半分の月がのぼる空」の時もこの手法は該当すると思う。
クライマックス後、どれだけの時を一緒に過ごせたかはわからないけど、それを信じて未来を生きる二人がなんともいえない作品です(ネタバレ?)。
あとサッカーや野球ネタの話がちょくちょくあり、それも面白かった。
(ミランカフーとか、FC東京の石川とか、オリックスの清原とか、リトル松井とか)


この作品を漫画で例えるならば、「イエスタデイをうたって」のリクオ・シナコ・シナコの幼馴染の三角関係かなと思います。

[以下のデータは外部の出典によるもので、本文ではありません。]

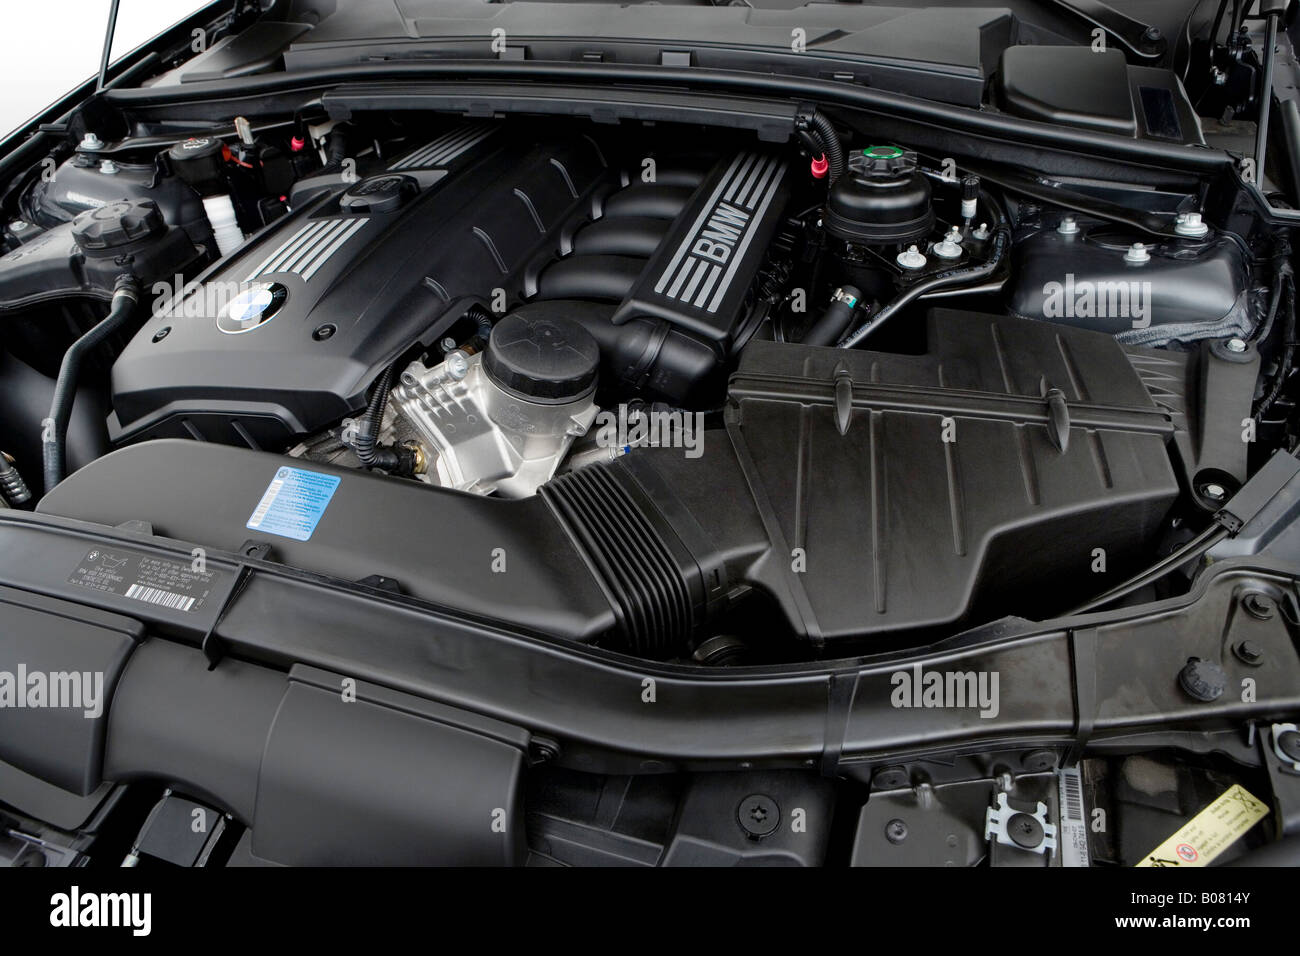 2008 BMW 3-series 328i in Gray - Engine Stock Photo - Alamy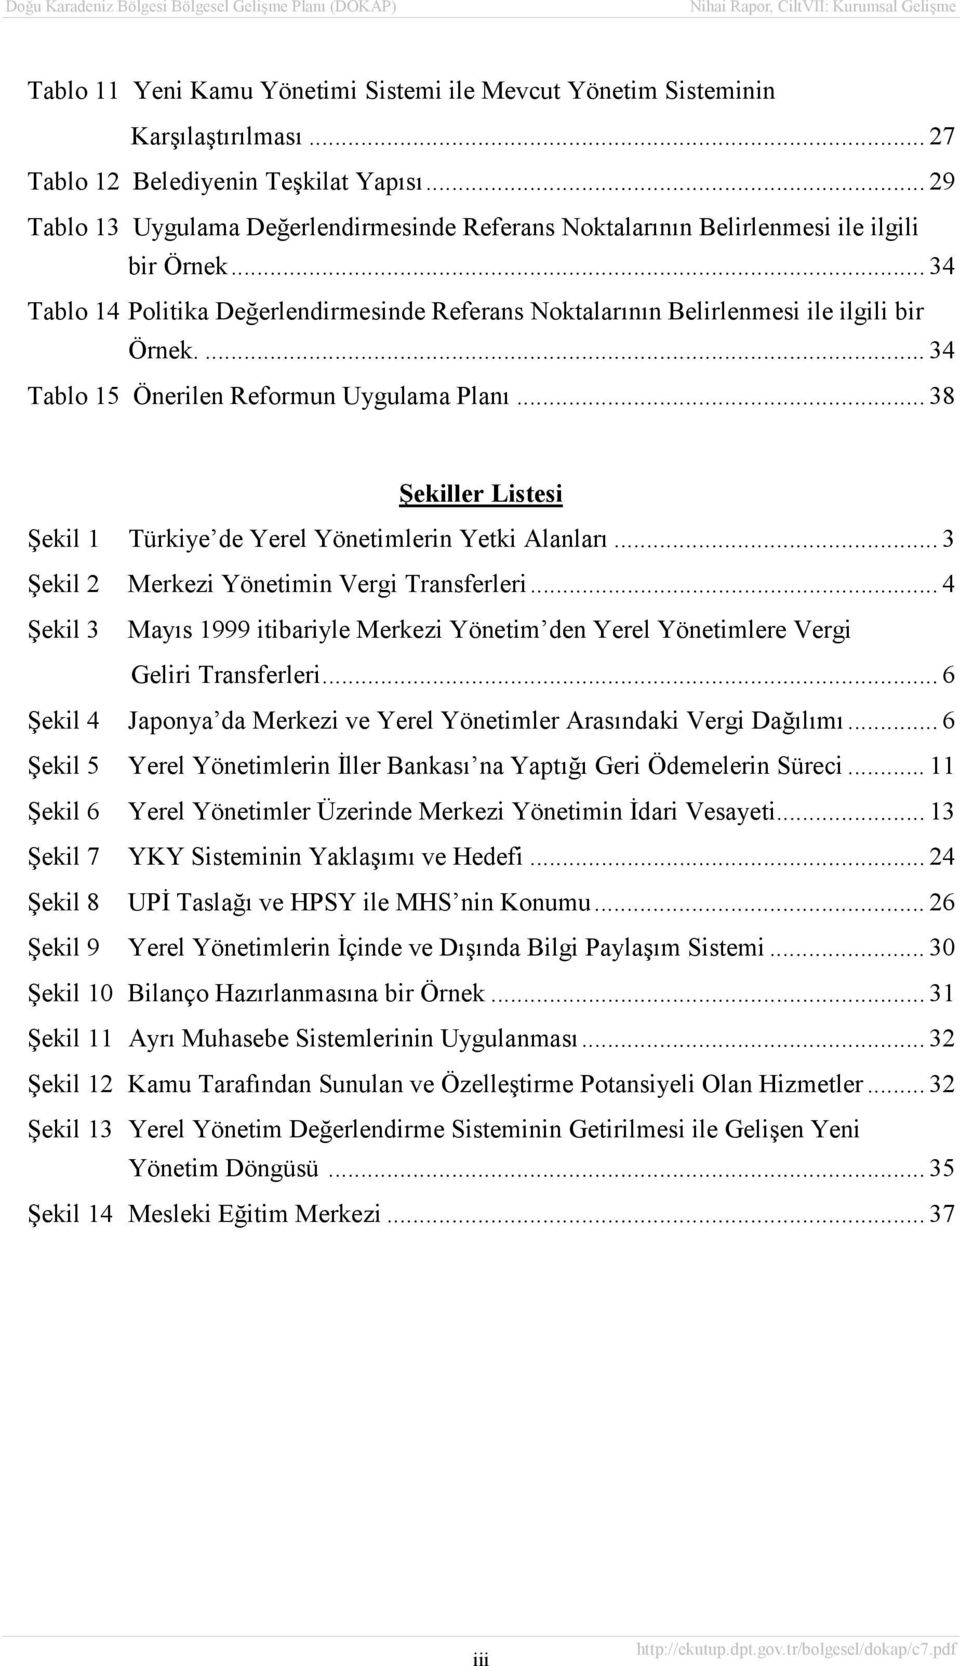 ... 34 Tablo 15 Önerilen Reformun Uygulama Planõ... 38 Şekiller Listesi Şekil 1 Türkiye de Yerel Yönetimlerin Yetki Alanlarõ... 3 Şekil 2 Merkezi Yönetimin Vergi Transferleri.

死んだ人を忘れることは出来ない。大切な人ならなおさら。
この違いとしては亡くなった人はそのとき女性と手をつないでなくなっていたということ。
でも、彼(加持)がそんなことをするとは思えない彼女(奈緒子)は2年たった今でも彼とそのとき近くにいた彼女のことが忘れられないでいた。
その後付き合っている彼氏(巧)は加持の親友。
そんな巧みは・・・
という感じにまあいわゆる三角関係。
こてこてのべたべたな恋愛小説なんだけど、読んでいくうちに引き込まれていく三人それぞれの視点と関係性。
そして同時に進行していく奈緒子の家族での事件。
最後に奈緒子が歩んでいく道とは・・・
半月が面白いと思った方はぜひこちらも読んでみる事をすすめますね。
話の奥の核の部分で二つの作品が繋がり、感動できると思います。
個人的に加持が奈緒子に告白するシーンは反則過ぎる!!
あれでOKしない女性はいないぜ!!
あと、奈緒子のお父さんのキャラがいい。
少女マンガを読み漁る51歳って・・・


ただ、自分に恋愛小説は合わないなぁ。
なんかもう木っ恥ずかしくなっちまうぜ。


お気に入りの台詞
「人間ってさ、川嶋が言うように、誰かに頼らないと生きられないんだよな。俺もちゃんとわかってたんだ、そういうの。
 だけど、ひとりで生きられるようにならなきゃいけないとも思ってる。
 でないと、結局、ただもたれ合うだけになっちまうだろう。それじゃ駄目なんだ。
 ちゃんとひとりで立てる人間同士が、それをわかった上でもたれ合うからこそ、意味が生まれるんだ」


「立っている場所を変えることによって、見えるものが違ってくる。そういうのが本当に大切なことだって、ようやく気付いたんだ」


「・・・
 玄関というのは、人が入ってくるところだって。そして人が出ていくところだって。
 それね、わたし、ずっと考えてたんだ。
 つまり玄関は人がとどまるところじゃないんだよね。
 ここに来た人は、出ていくか、入ってくるか、そのどちらかなんだよ」


「男の恋は名前をつけて保存 女の恋は上書き保存」


今日の独り言
「ちょっと星について興味を持ってきたですよ。」